Author Interview with Breanna Leslie

Hello! Welcome to a new week of author interviews! Today, Ms. Brianna Leslie gave us some time. I “met” her through a Kindle Vella authors group on FB and she is here to share a little about herself and writing serialized fiction.

So why a series?

How did you know you had this series in you?

  • I honestly didn’t. I’m a complete pantser. So, I generally start writing just to see what comes out. Only after a few thousand words do I know if it’s something I want to pursue.

Why did you choose to use a series format?

  • It feels limitless and lets me thrive in my chaotic writing style. I don’t feel constrained to word counts or traditional novel formats.

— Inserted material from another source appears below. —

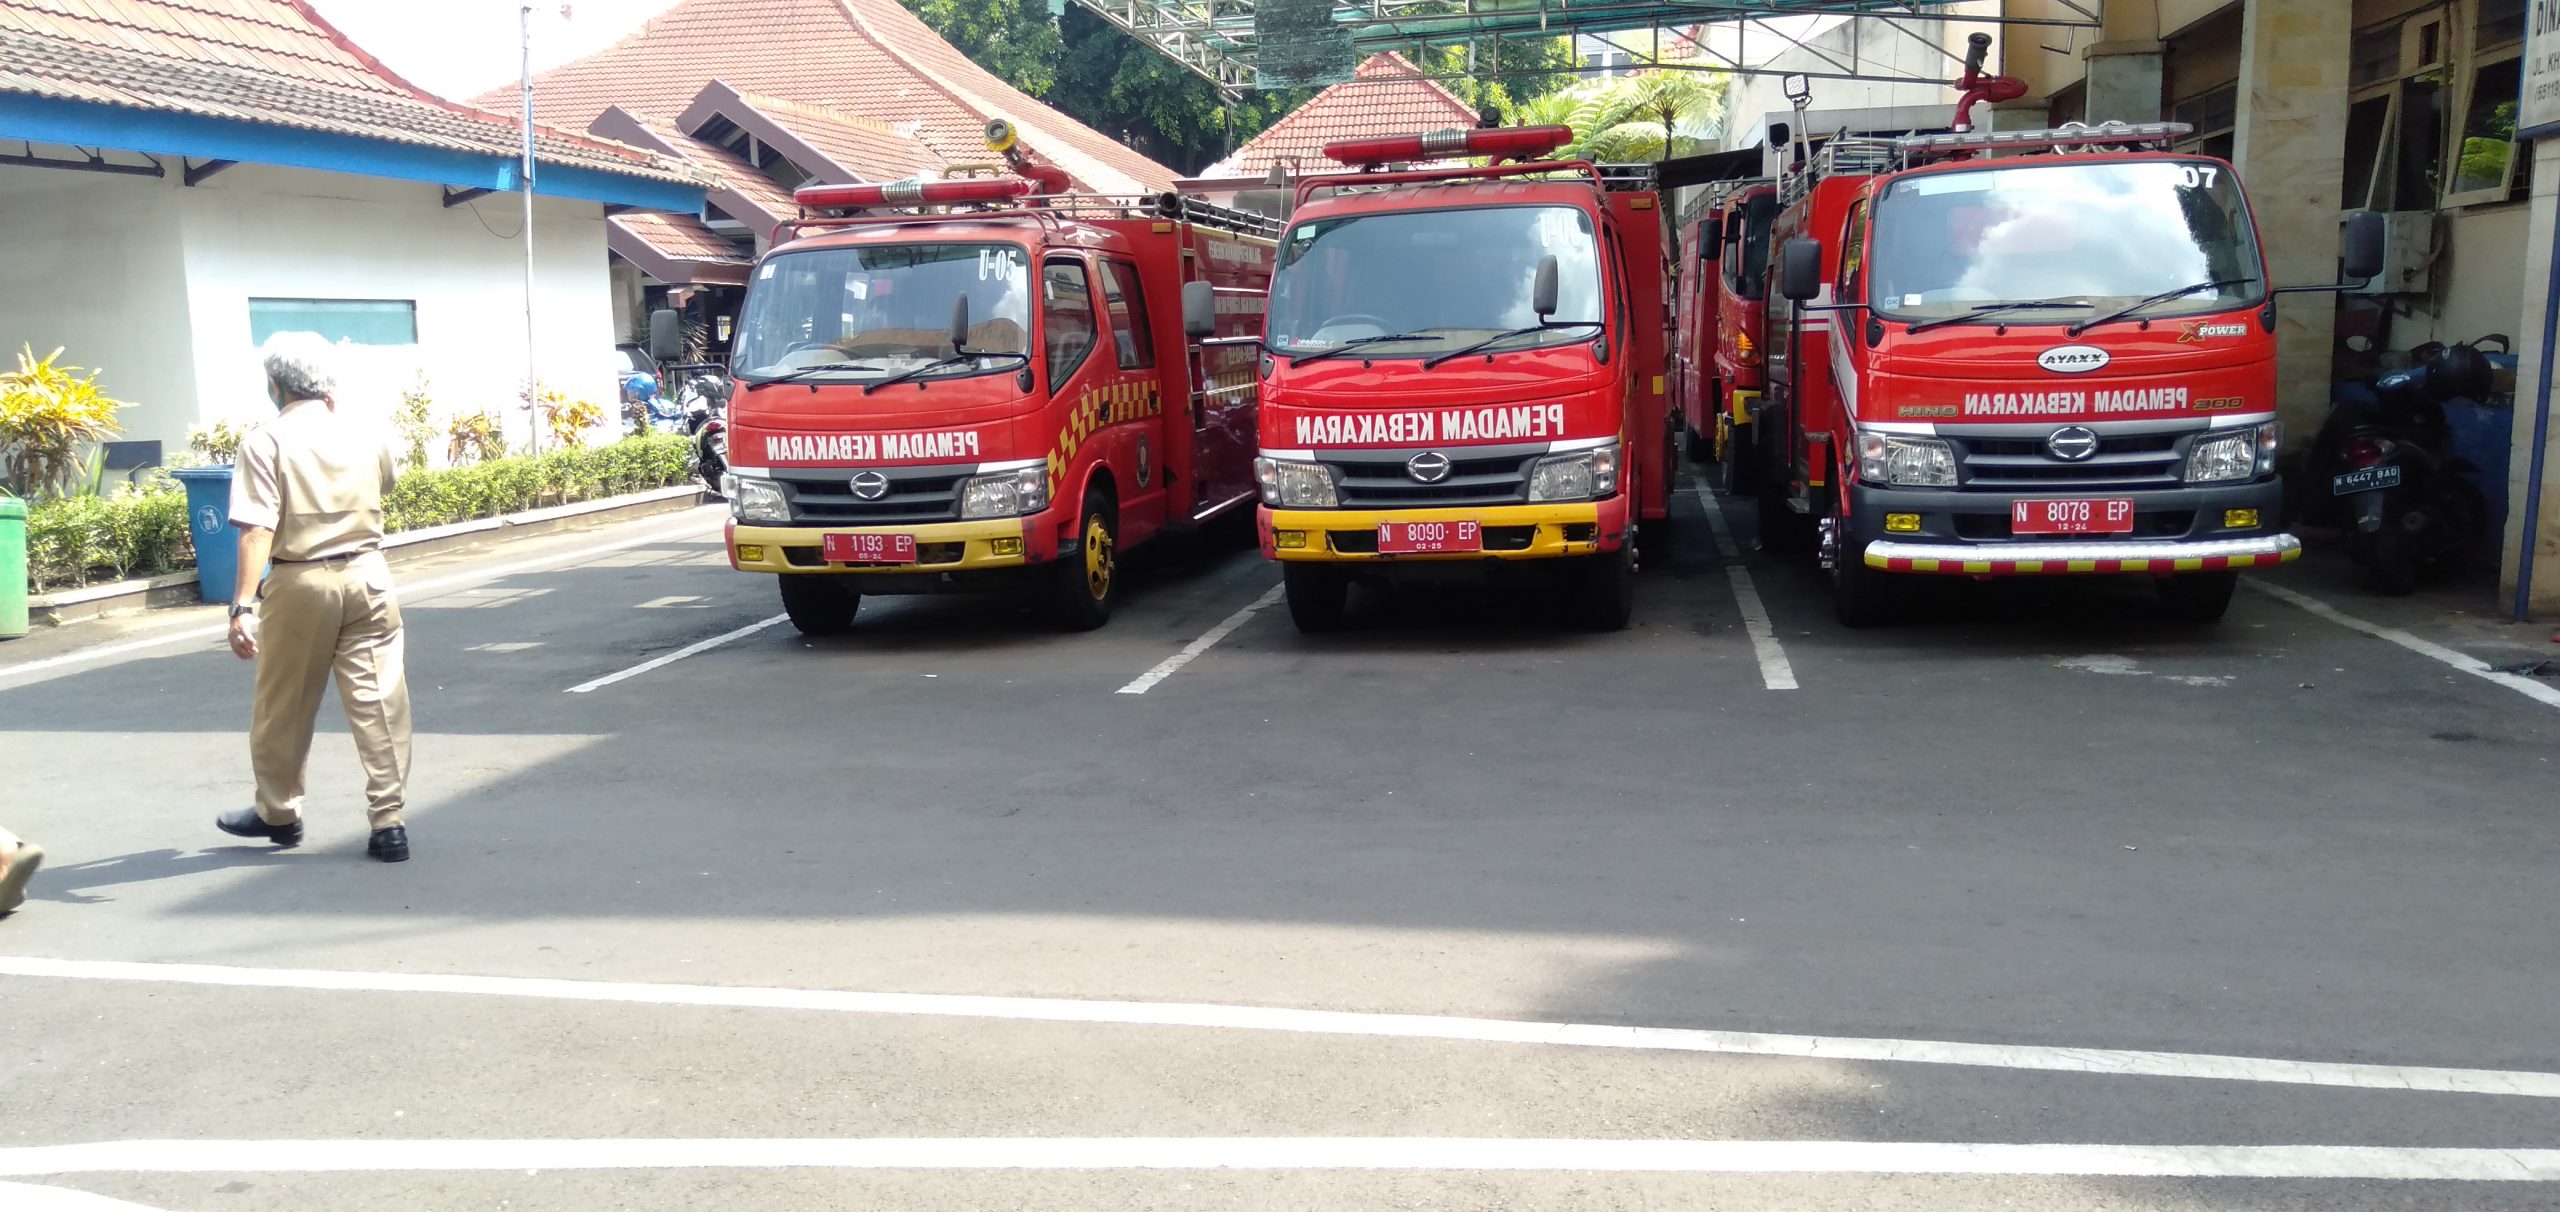 Hadapi Musim Kemarau, PPK Kabupaten Malang Siagakan 7 Armada Damkar

It is a very free format, and not just because it’s brand new. It’s a strange mix of deadline and free, too. 

  • When I tried writing a novel on my own, before Vella, I got lost in the middle. That was a consistent issue with me, despite studying writing craft books. I’ve found that writing in serial format makes me view the story in scenes and gives my pantsing a bit of a structure.

What is your greatest challenge in writing?

  • Finding time. I have endless storylines floating around in my head, but I have three kids with one on the way. Finding time to let that part of myself come out is a huge challenge.

I have four kids also, I completely empathize!

Let’s talk about the process

What surprised you in the writing process?

  • The way characters spoke to me. I’ve always made up stories, even as a child. But when writing dialogue becomes like watching a movie in my head, that was surprising.

Is there something in particular that you found helpful?

  • Spotify. I have playlists for each story and it helps me dive into the setting. After using it for a while, I’ve found that I’m pretty reliant on it.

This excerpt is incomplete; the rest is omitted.